*** Begin section ***
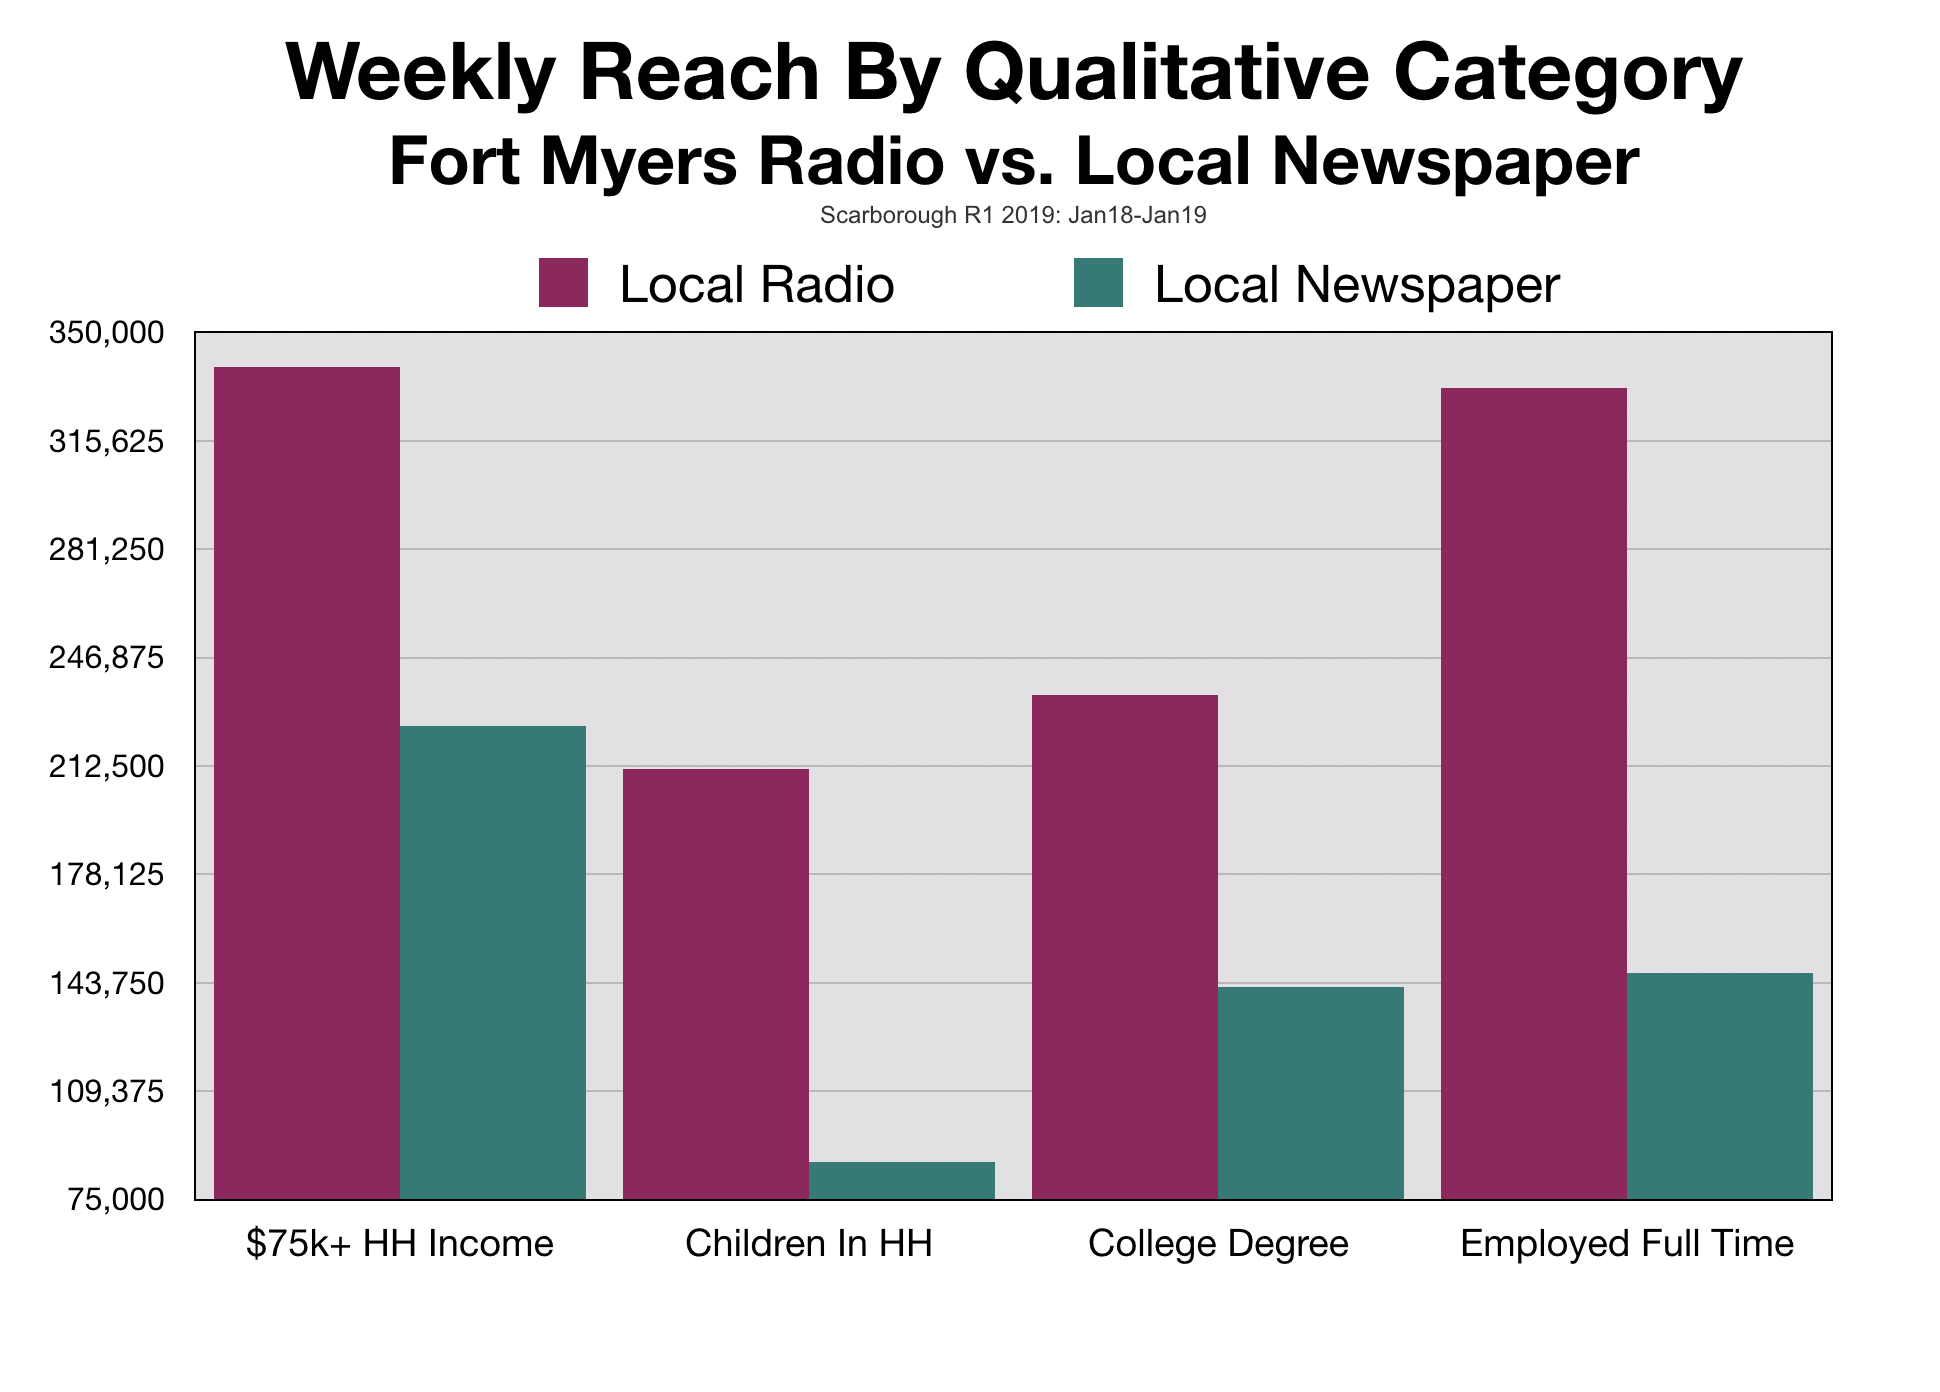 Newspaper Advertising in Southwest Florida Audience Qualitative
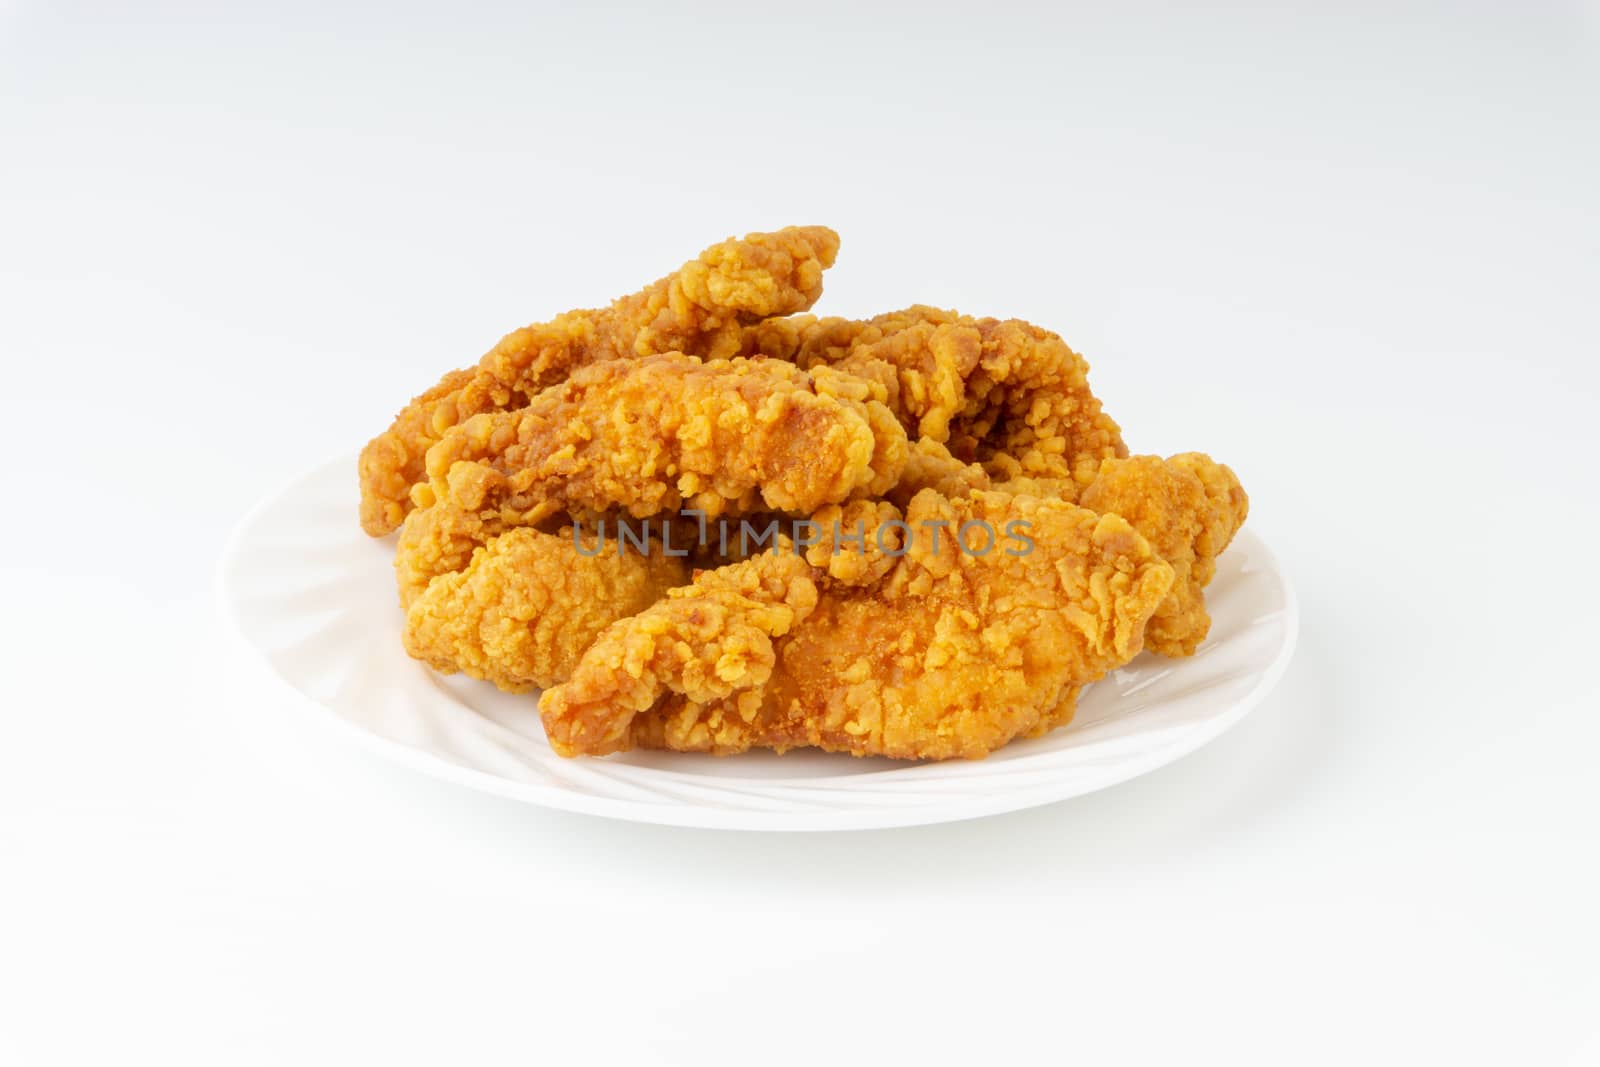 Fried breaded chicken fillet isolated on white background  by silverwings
*** End section ***
*** Begin section ***
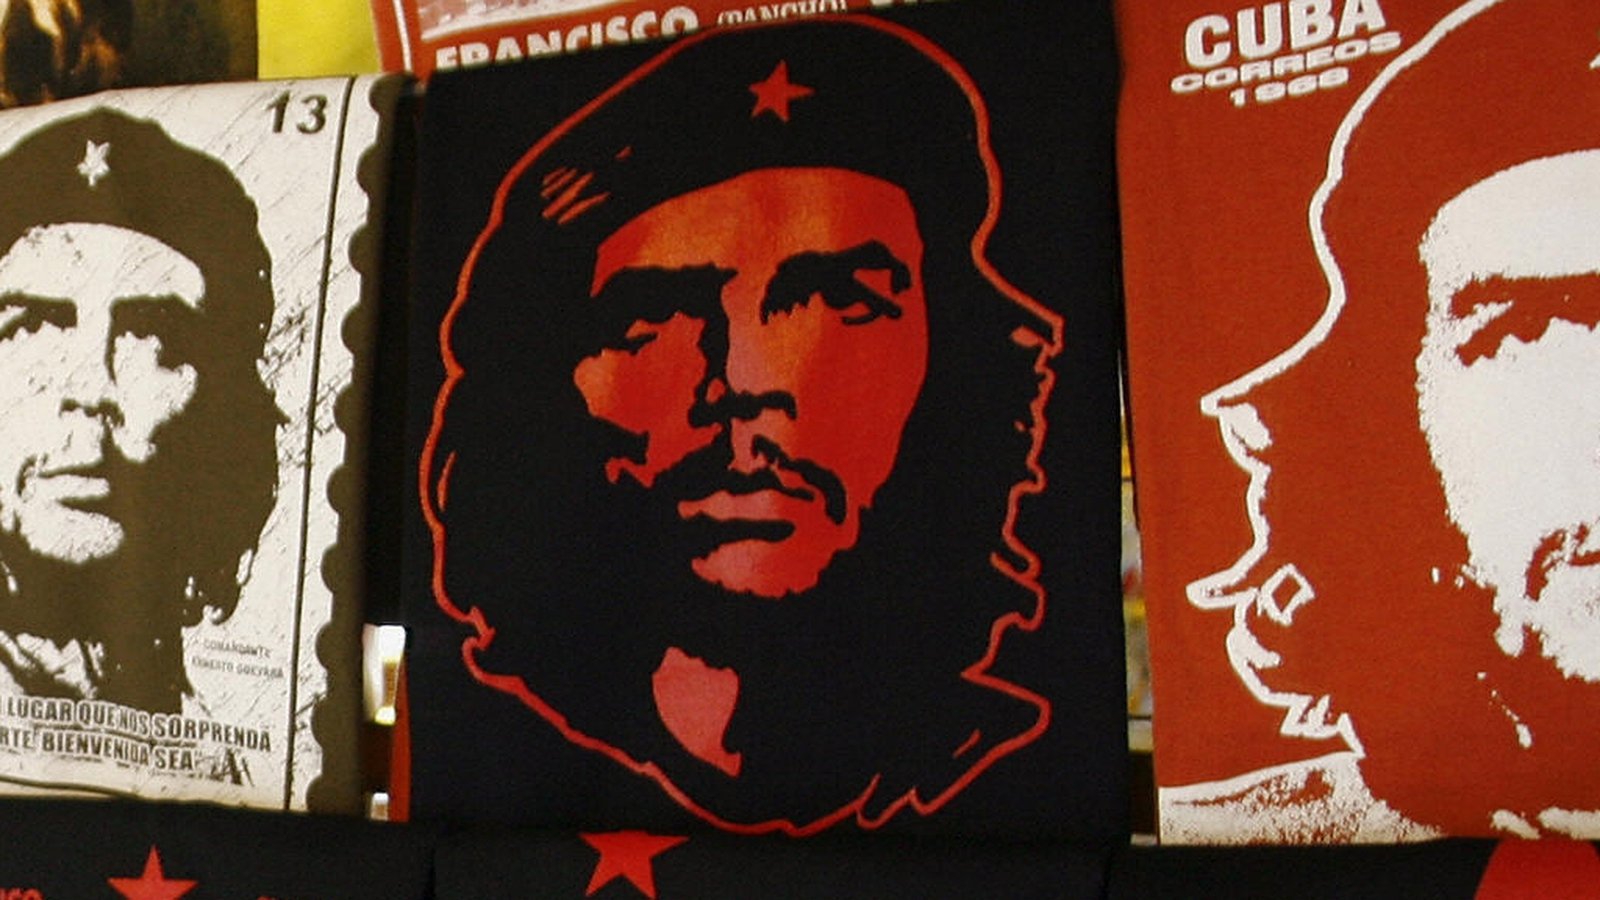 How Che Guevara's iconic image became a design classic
*** End section ***
## Task instructions:
For the entries above, print exactly the lines between the one with "Newspaper Advertising in" and the one with "Fried breaded chicken", inclusive, with no pictures.

## Reply:
 Newspaper Advertising in Southwest Florida Audience Qualitative
 Fried breaded chicken fillet isolated on white background  by silverwings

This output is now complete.